Hiddenness: Except for the transaction submission node, no party can obtain any information about the transaction before the transaction is finally confirmed and sorted by the protocol.

A protocol that satisfies concealment allows the node receiving the transaction to view the transaction content in plain text, but requires the rest of the network to remain agnostic until consensus is completed and transaction ordering is determined. For example, the protocol can use delayed encryption to make the block content invisible before the deadline; or use threshold encryption to have the committee confirm that the block is irreversible before decrypting it.

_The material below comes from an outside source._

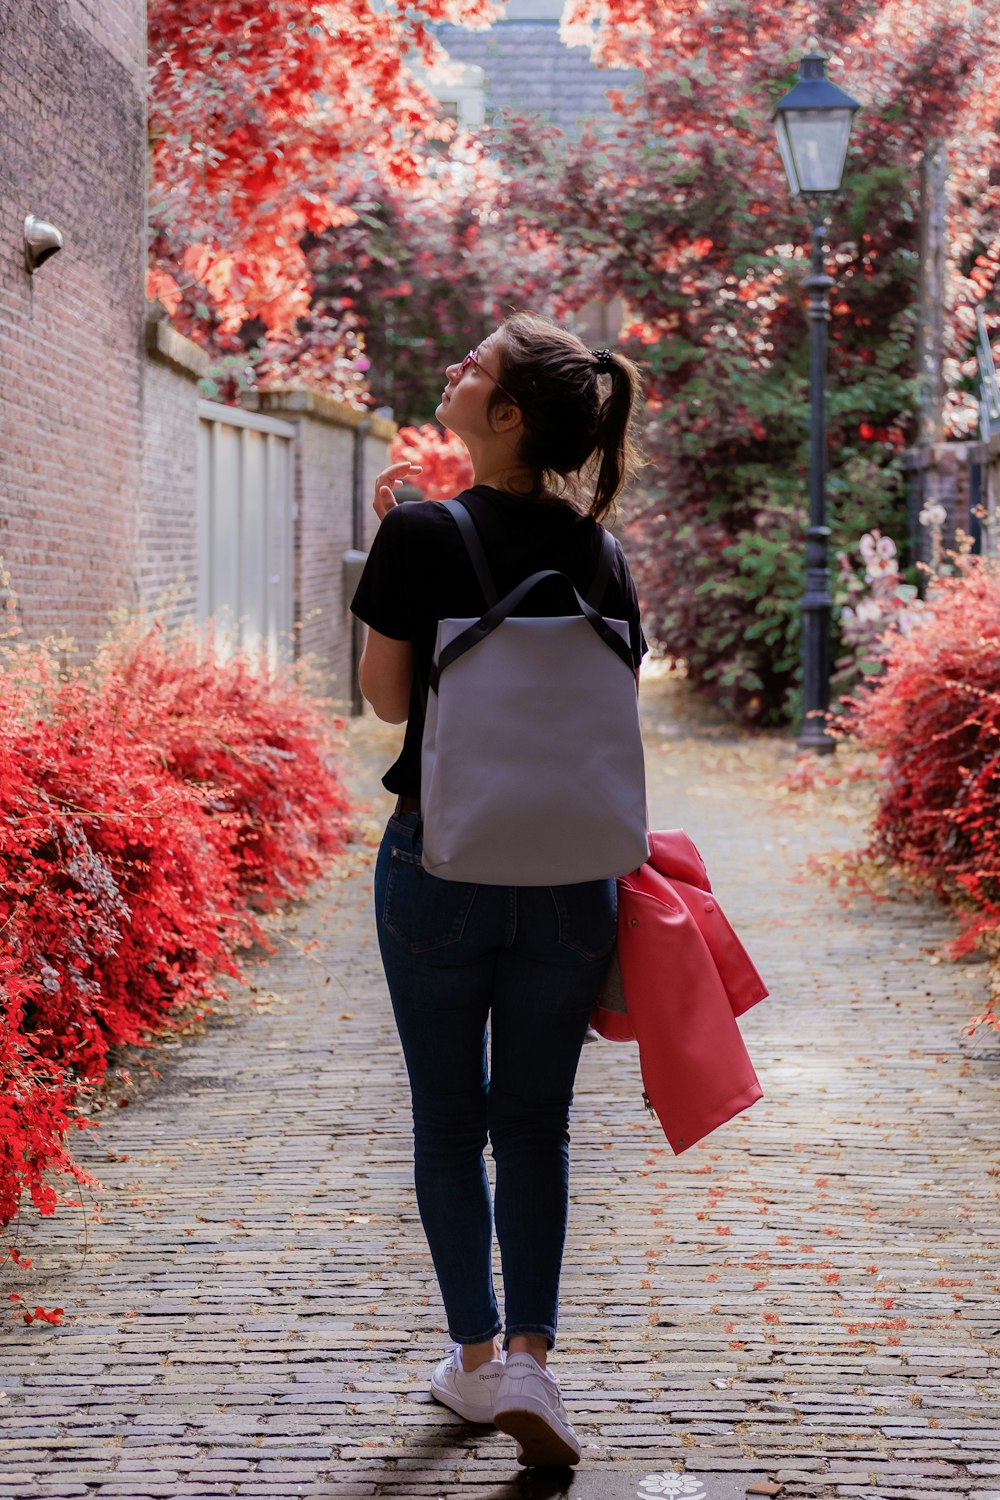 woman wearing black shirt and leggings carrying backpack

This means that a node may abuse transaction information submitted to itself, but other nodes in the network will only learn about the transaction content after the fact. When the transaction information is disclosed to the entire network, its sorting and confirmation have been completed, and other parties cannot preempt the transaction. The premise for this definition to take effect is that there are multiple nodes that can package transactions in each period.

We did not adopt a stronger privacy definition (such as an encrypted memory pool) - that is, only the user knows the transaction information - because the protocol needs to filter spam transactions. If the transaction content is completely hidden from the entire network, the network will not be able to distinguish spam transactions from valid transactions. The only solution is to leak some unencrypted metadata, such as the payment address from which fees are deducted regardless of whether the transaction is valid or not. But this kind of metadata can reveal enough information to give an attacker an opportunity to take advantage. Therefore, we choose a compromise: only a single node can see the transaction content, and the rest of the network cannot. This also means that users must have at least one honest node as the on-chain entry point in each period.

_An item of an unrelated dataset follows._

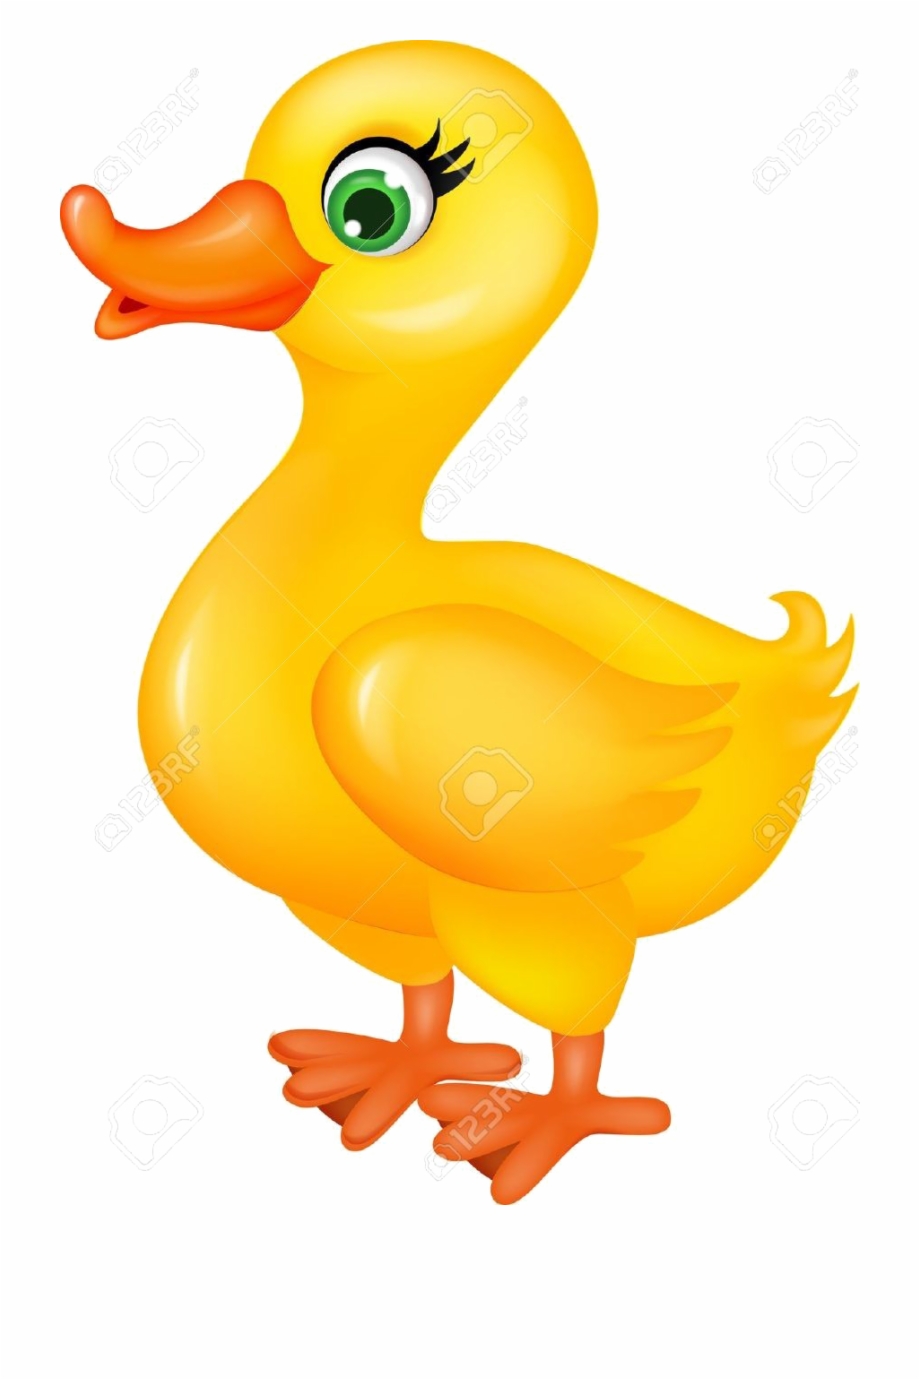 duck cartoon images hd

A protocol with both short-term censorship resistance and concealment is an ideal base for building financial applications. Going back to the example of on-chain auctions, these two features directly eliminate the two ways Bob can destroy the market: he can neither review Alice’s bid nor use Alice’s bid to guide his own behavior, which perfectly solves the two major problems mentioned above.

Under the guarantee of short-term censorship resistance, any transaction (whether it is a pending order or an auction bid) is guaranteed to be uploaded to the chain immediately. Market makers can modify orders, bidders can bid quickly, and liquidations can be executed efficiently. Users can be confident that their operations will be executed immediately, allowing a new generation of low-latency, real-world financial applications to be built entirely on-chain.

For blockchain to truly compete with and surpass existing financial infrastructure, it will need to solve much more than throughput issues.